─── Recorded data

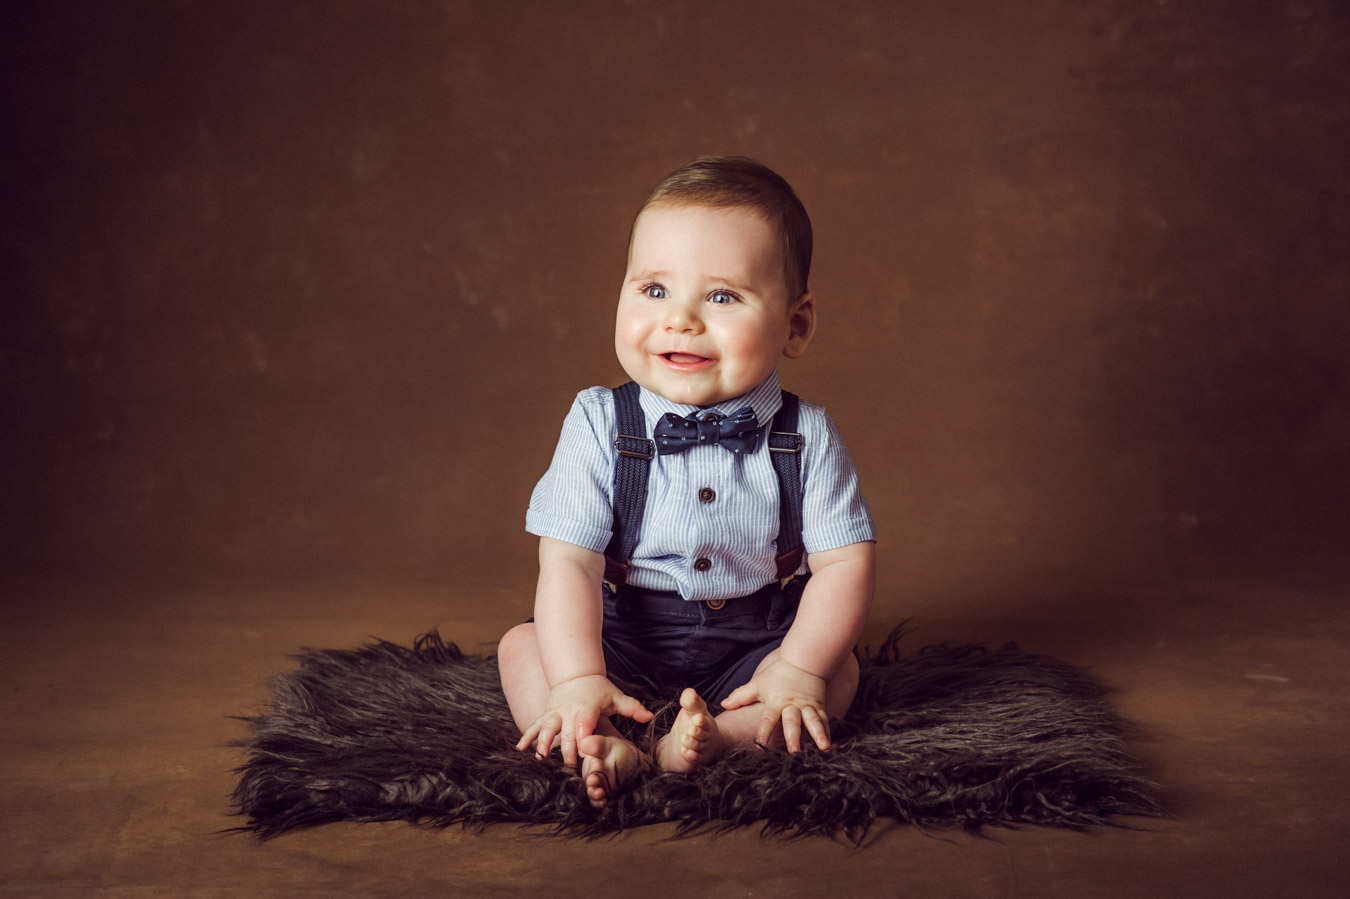 The Best 5 Tips for Baby Photographers we've found
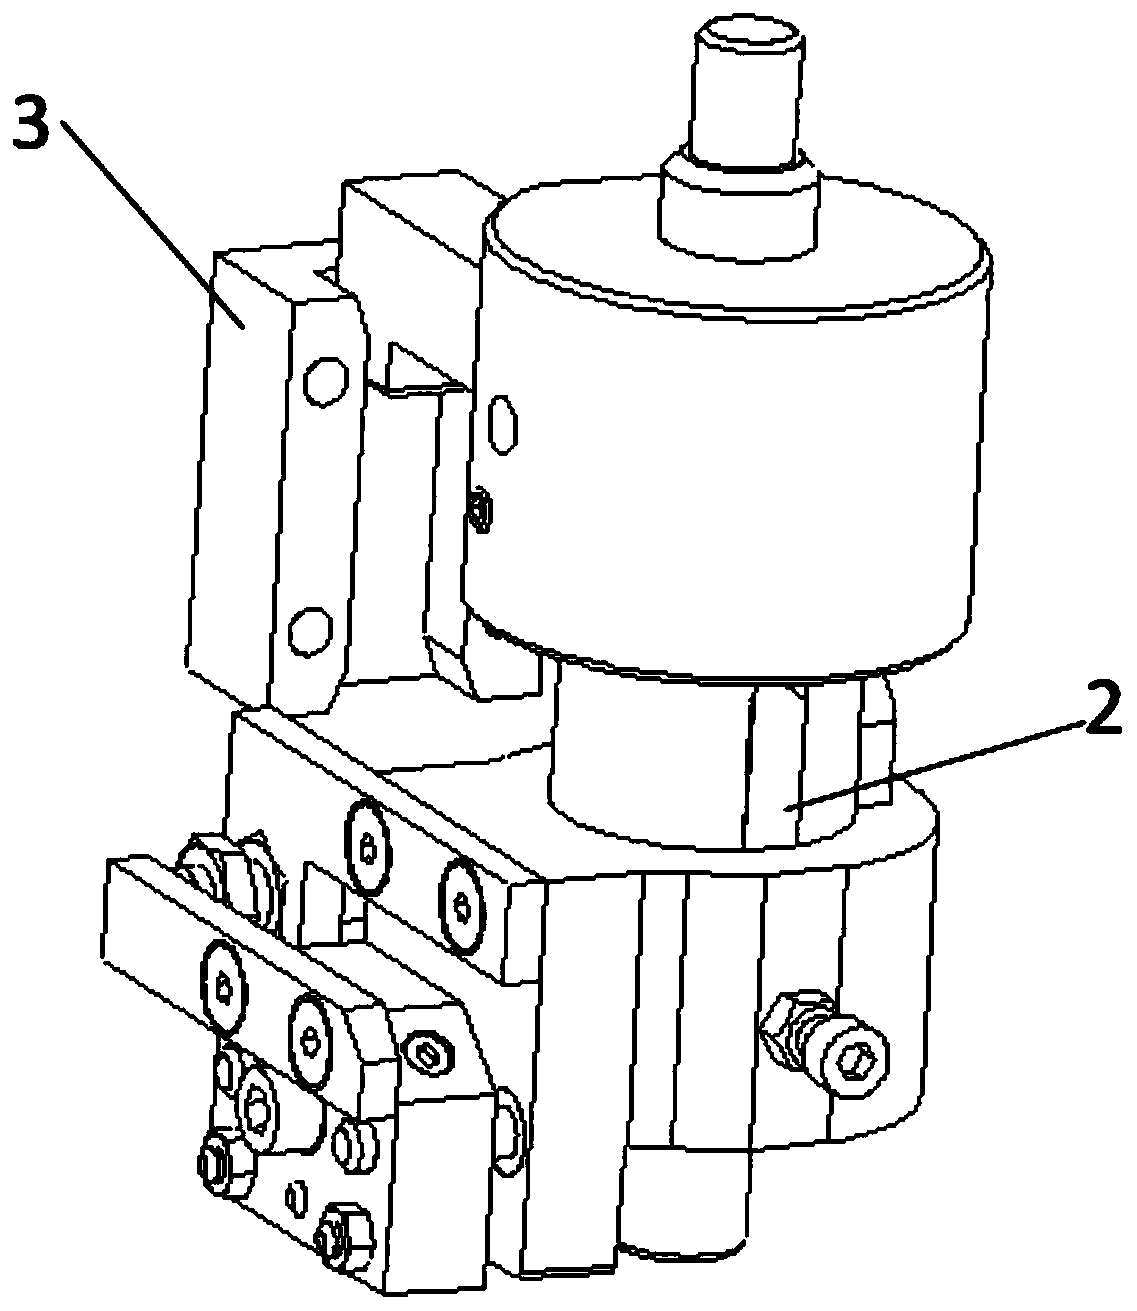 Fixture with functions of locating detection and clamping expansion
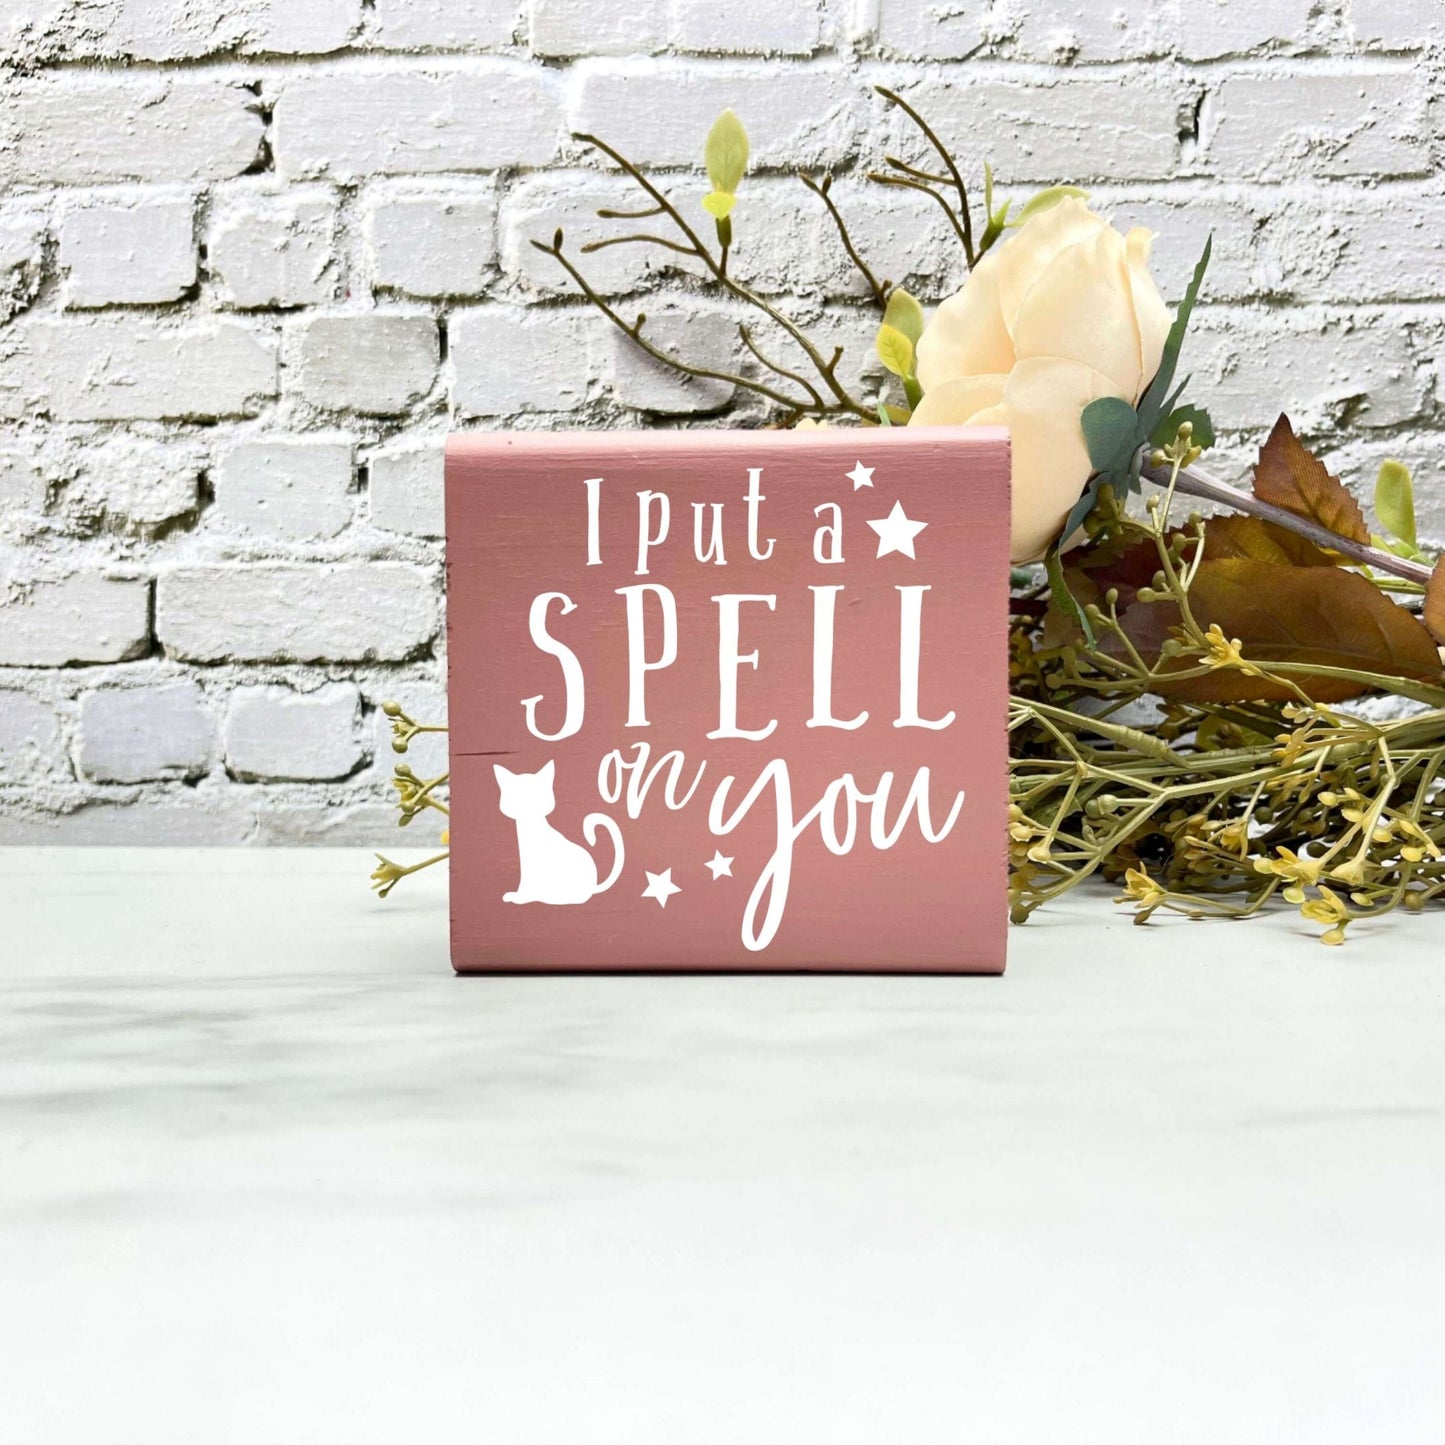 I put a spell on you Wood Sign, Halloween Wood Sign, Halloween Home Decor, Spooky Decor

──────

What this task involves:
Transcribe all of the material exactly and leave out its pictures.

Result of this task:
 The Best 5 Tips for Baby Photographers we've found
 Fixture with functions of locating detection and clamping expansion
 I put a spell on you Wood Sign, Halloween Wood Sign, Halloween Home Decor, Spooky Decor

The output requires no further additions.